Background
People with mild traumatic brain injury (mTBI) suffer from several mental health symptoms (e.g., anxiety, depressive symptoms) and cognitive deficits (e.g., attentional deficits, slowed processing speed). However, symptoms in TBI are largely investigated in isolation, using univariate approaches, ignoring interactions between symptoms and the underlying large-scale brain networks. We constructed the first multilayer network in mTBI to examine relationships between networks of cognition, mental health and structural brain measures and to identify key variables bridging relationships across these networks.
Methods
Chronic phase cross-sectional data (6-month follow-up) from 457 mTBI participants was extracted from the TRACK-TBI Longitudinal study.
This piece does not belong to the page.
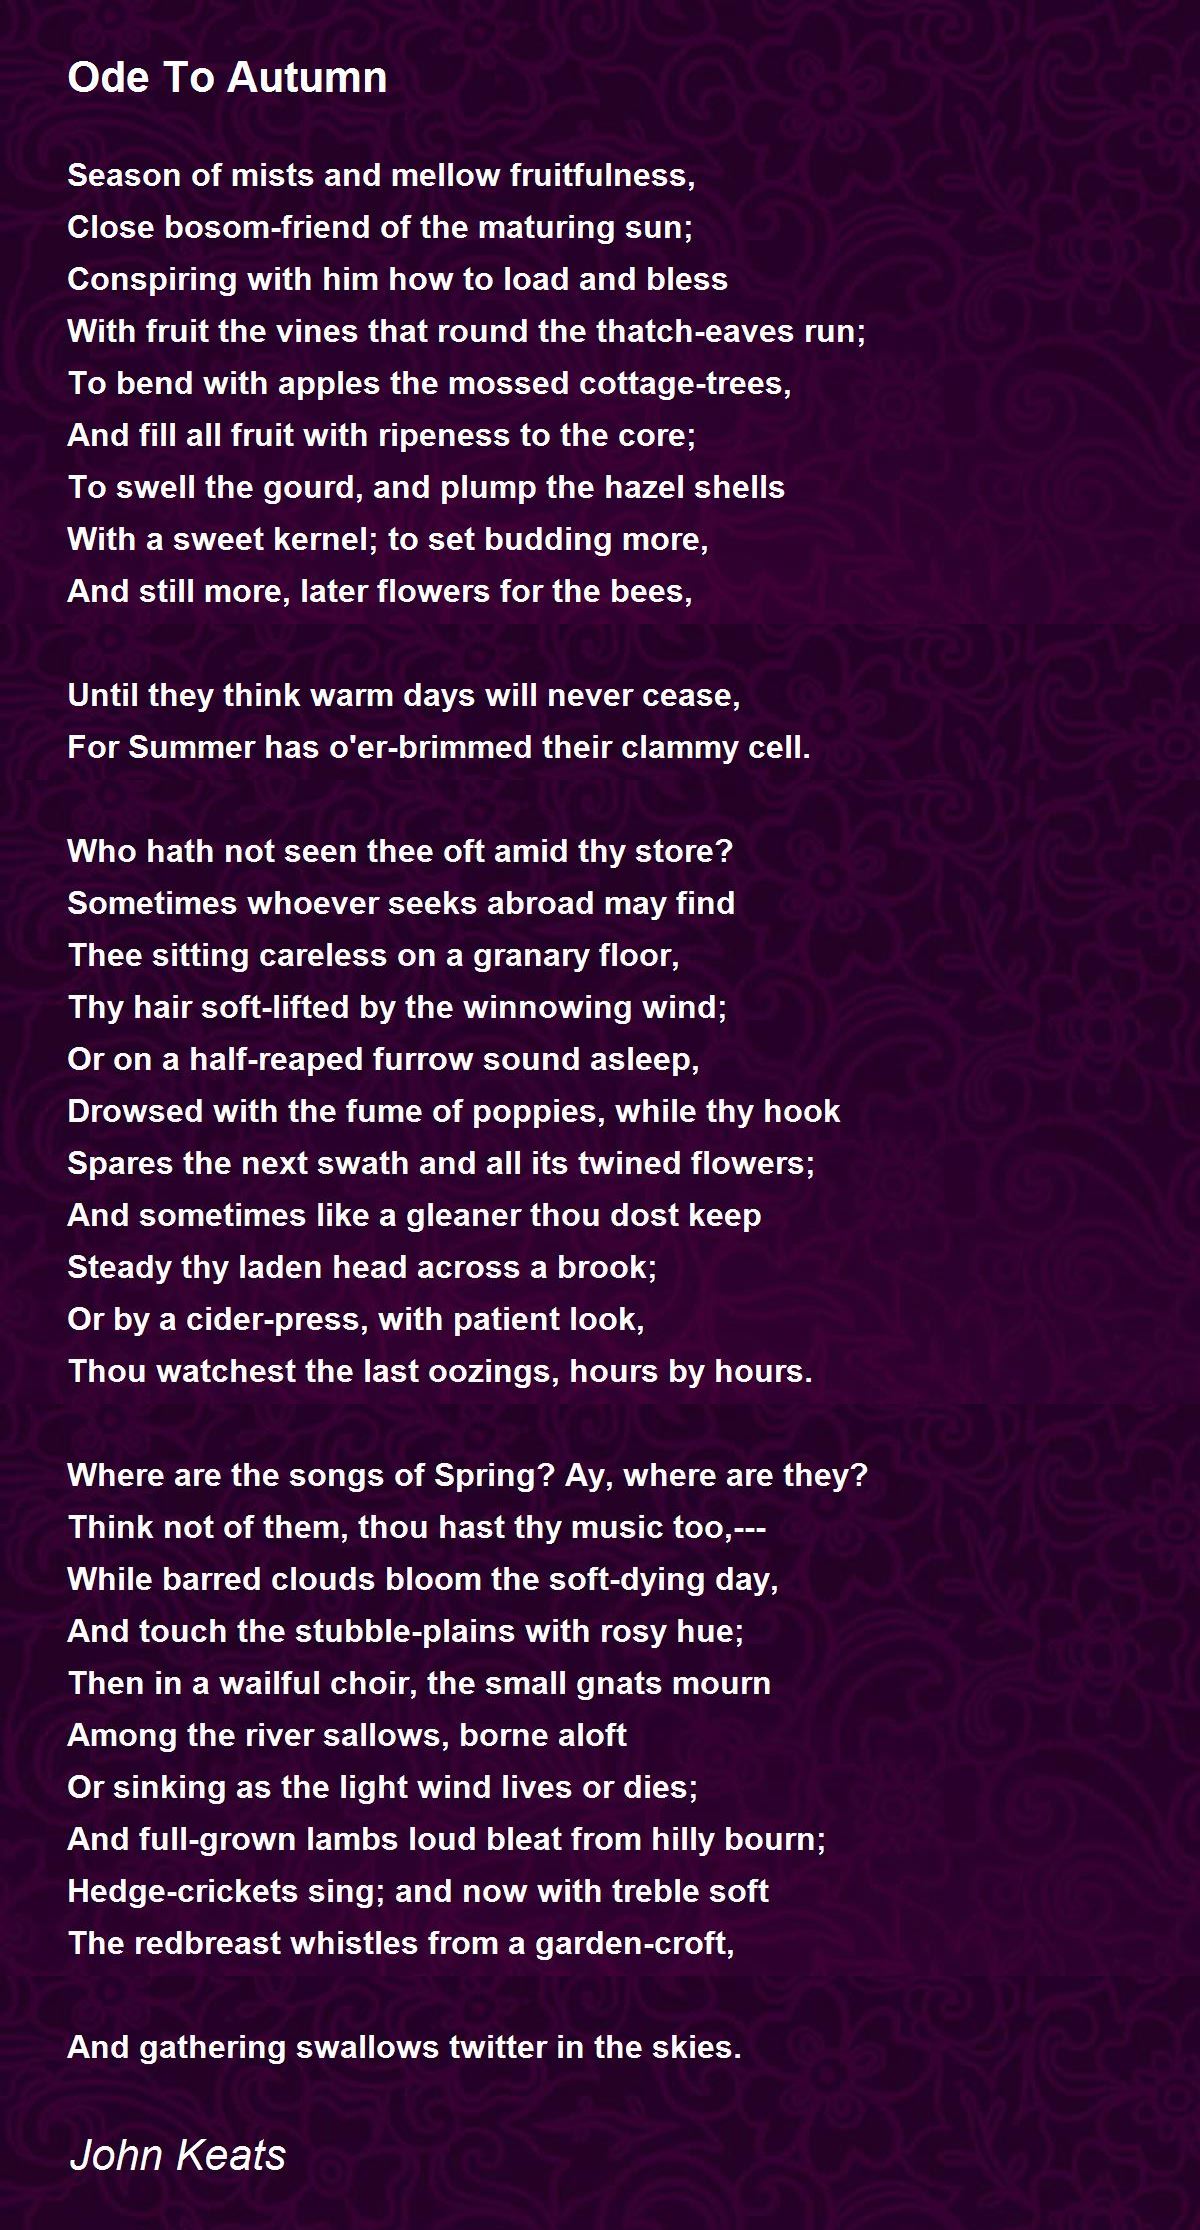 john keats poem ode to autumn

We selected four variables from self-report mental health questionnaires (affective layer), eight cognitive test scores from the NIH toolbox (cognitive layer), and gray matter volumes from eight brain regions of the central executive and salience networks from anatomical MRI scans (brain layer). We used a multilayer network approach to examine the relationships (edges) between all variables (nodes) across layers. We then used the bridge strength centrality metric to identify nodes that ‘bridge’ the affective, cognitive, and brain layers.
Results
In this sample of mTBI participants, across all affective and cognitive layer nodes, only impairments in insomnia were noted. Multilayer network analysis revealed insomnia severity, immediate verbal memory, somatisation and processing speed nodes exceeded an a priori 80th percentile threshold on the bridge strength scores and may therefore be regarded as key nodes potentially bridging relationships across affective, cognitive and brain layers.
Conclusions
The bridging nodes identified in our multilayer network analyses may suggest targets for future studies to develop more customized, efficient, and efficacious treatments to alleviate mental health symptoms and cognitive deficits in mTBI.